Women’s, Children’s and Adolescents’ Health in 2026: From Crisis Management to System Correction

Rajat Khosla lays out six priorities to move women’s, children’s and adolescents’ health from resilience to reform in 2026.
The past year confirmed that gains in women’s, children’s and adolescents’ health (WCAH) were more fragile than previously assumed. In 2025, sharp financing contractions, political retrenchment on rights, particularly sexual and reproductive health and rights (SRHR), and multiple and intersecting crises, converged to expose how fragile past gains really were. Having relied heavily on external financing and political prioritization through the Millenium and then Sustainable Development Goals, today WCAH suffers from the structural failures of the global development system.
In 2026, the question is no longer whether WCAH is under threat. The question is whether global governance, financing, and political leadership are capable of course correction.
2025: structural inflection point
The disruptions of 2025 were systems changing. According to estimates from the Institute for Health Metrics and Evaluation, development assistance for health declined by around 20 per cent in real terms between 2023 and 2025, with Sub-Saharan Africa experiencing the steepest reductions. These cuts did not simply reduce program coverage; they destabilized health systems already operating close to breaking point. Evidence from PMNCH partners across more than 20 countries showed widespread program downsizing, organizational closures, and loss of frontline health workers, particularly in sexual and reproductive, maternal, newborn, child and adolescent health services.
At the same time, political and ideological pressures reshaped the operating environment in ways that compounded these financing shocks. The expanded application of the Global Gag Rule – defined by some as a major escalation of regressive policies - donor-imposed restrictions on diversity, equity and inclusion, and broader rollbacks on sexual and reproductive health and rights (SRHR) translated directly into service disruptions, reduced access to contraception and safe abortion, and weakened civil society engagement. These measures functioned less as isolated policy choices than as instruments of governance, actively reshaping power, voice, and accountability across global health and development systems.
This shift has become increasingly visible within governance spaces. Systematic regression on language and narrative on SRHR is increasingly becoming the new normal in multilateral spaces. The narrowing of civic space within formal governance processes weakens accountability, marginalizes community-level and rights-based evidence, and disproportionately affects organizations representing women, adolescents, and other marginalized populations.

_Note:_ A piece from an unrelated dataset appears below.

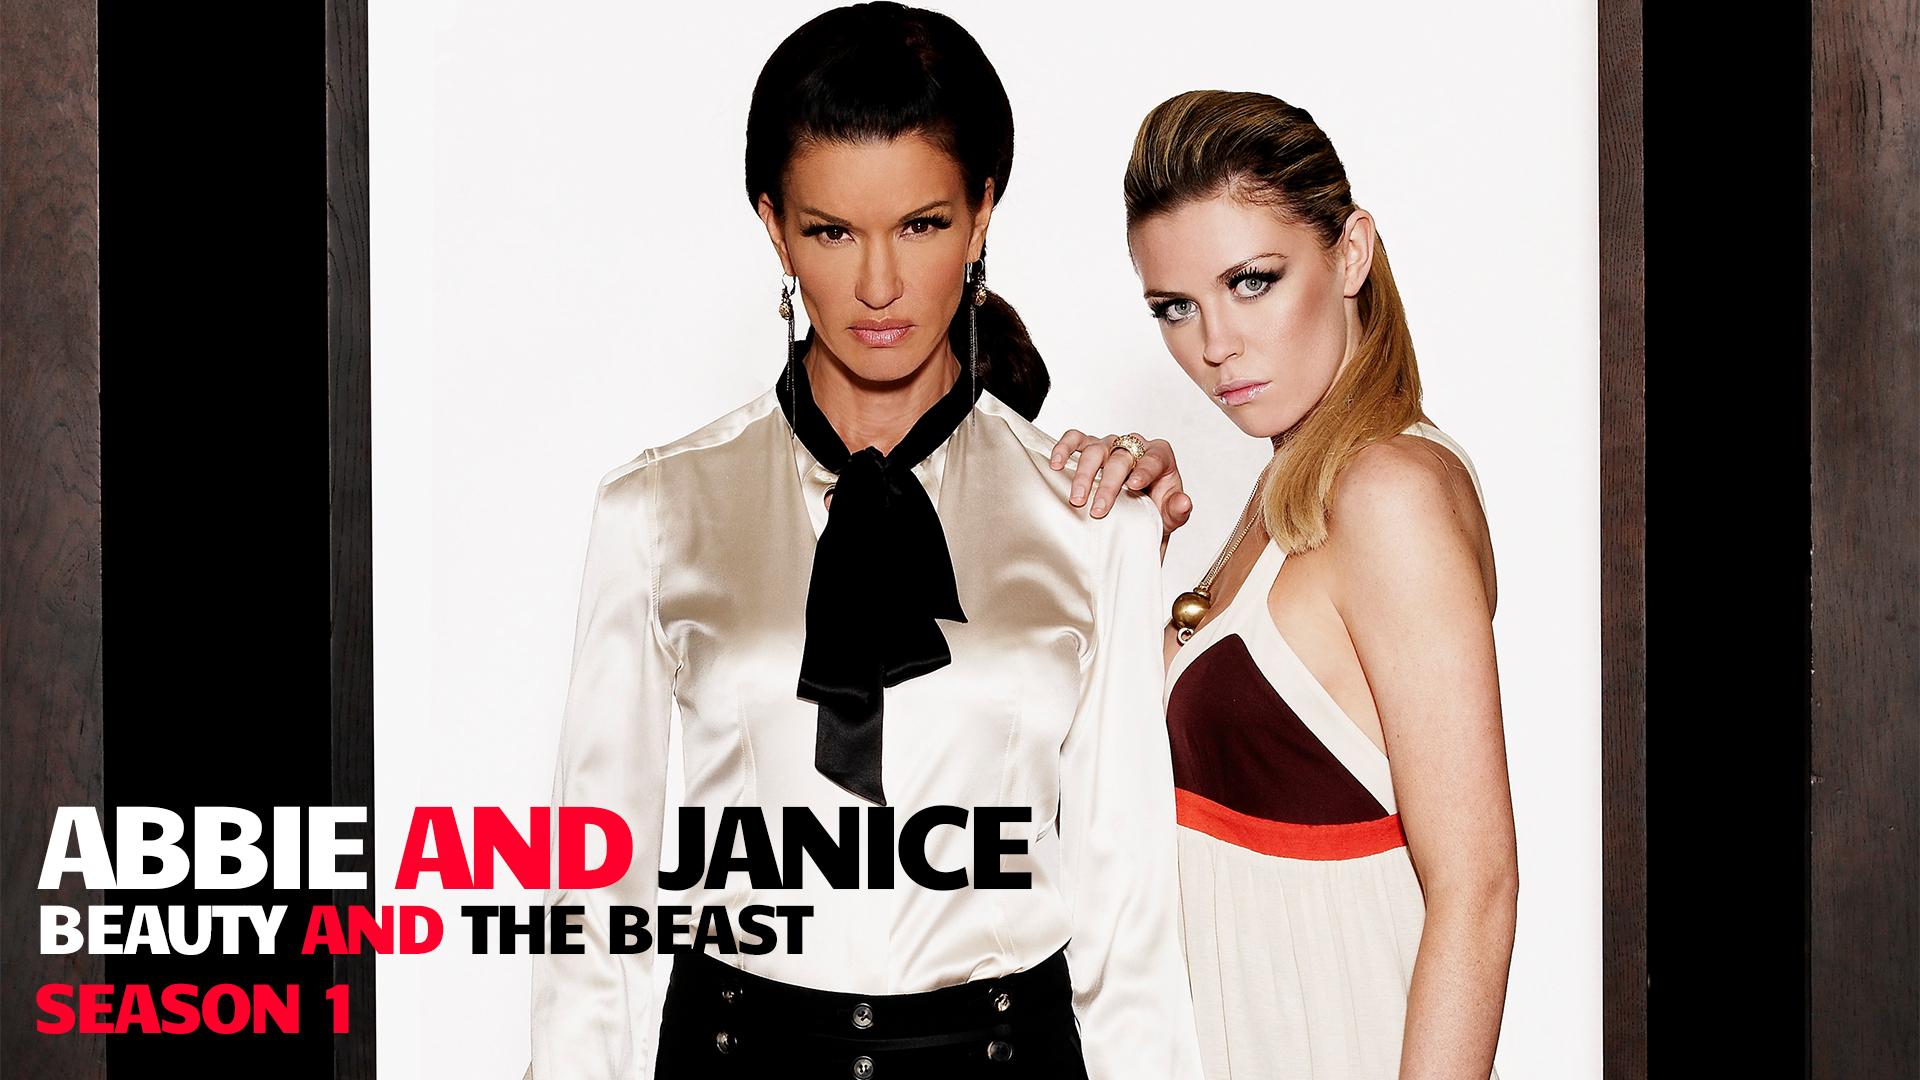 Abbey & Janice: Beauty and the Beast

Parallel dynamics evident in the growing reliance on bilateral financing arrangements and development compacts in particular, illustrate how aid is increasingly structured around geopolitical alignment and narrowly defined sectoral priorities, often with explicit or implicit exclusions of SRHR. These agreements do not merely constrain available resources; they redefine the scope of permissible public expenditure, effectively trading development assistance for policy compliance and limiting national governments’ ability to finance comprehensive, rights-based health responses.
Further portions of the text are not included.